Why You Should Clean Wood Cutting Boards On Both Sides

Between providing a stable cutting surface and saving your counters from scratches, wooden cutting boards are the unassuming yet crucial backbone of countless kitchens. Along with their naturally appealing aesthetic, wooden cutting boards are also incredibly durable. Despite their durability, these kitchen tools are also easy on knife blades, and won't dull them as fast as cutting boards made of other materials. Whether you're chopping up scores of fruits and veggies or carving up a hunk of steak, a good wooden cutting board can last you for years, but only if you take care to keep both sides in tip-top shape.


Regular maintenance of wooden cutting boards, which includes cleaning and oiling them, can help to preserve their longevity. Additionally, a clean cutting board is crucial to prevent cross-contamination between raw ingredients and ensure food safety. This is why it's important to learn how to clean your wooden cutting board properly. This includes giving both the front and back a thorough scrub to help preserve the integrity of the wood and to make sure it is completely sanitized.

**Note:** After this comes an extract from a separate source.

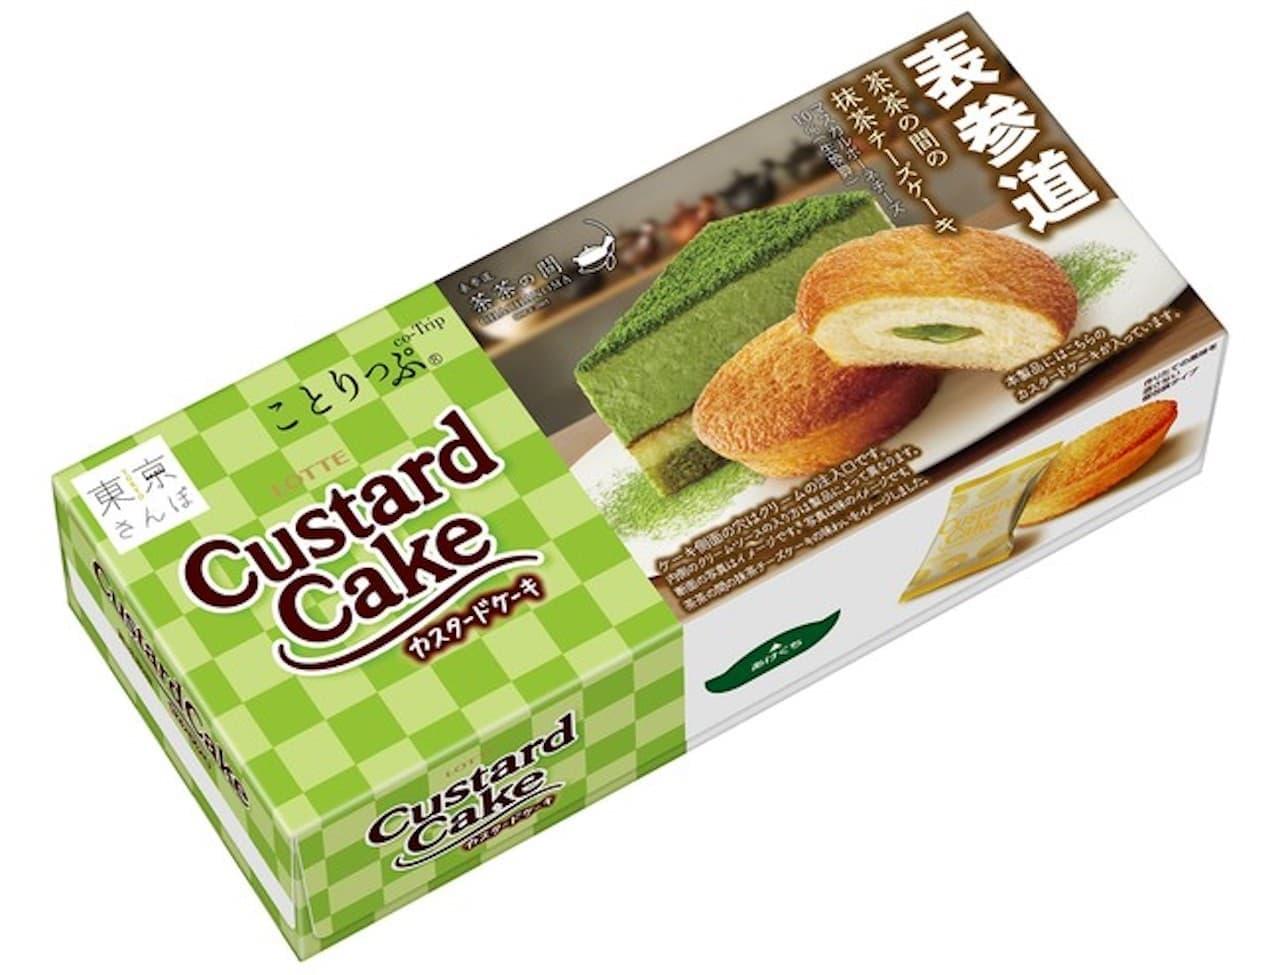 ロッテ「ことりっぷ カスタードケーキ<茶茶の間の抹茶チーズケーキ>」

Cleaning both sides prevents damage and contamination

The downside to wooden cutting boards is that they take a bit more elbow grease to keep clean compared to their plastic counterparts. Because the wood can become warped and uneven (which can render the board impossible to cut on), you should never put the cutting board into the dishwasher or submerge it in water in any way. While it may seem counterintuitive, this is also why you should take care to wash both sides of the board. Doing so will ensure that the entire thing dries at the same rate, which should minimize warping. Otherwise, one side of the board may become damaged after repeated washing.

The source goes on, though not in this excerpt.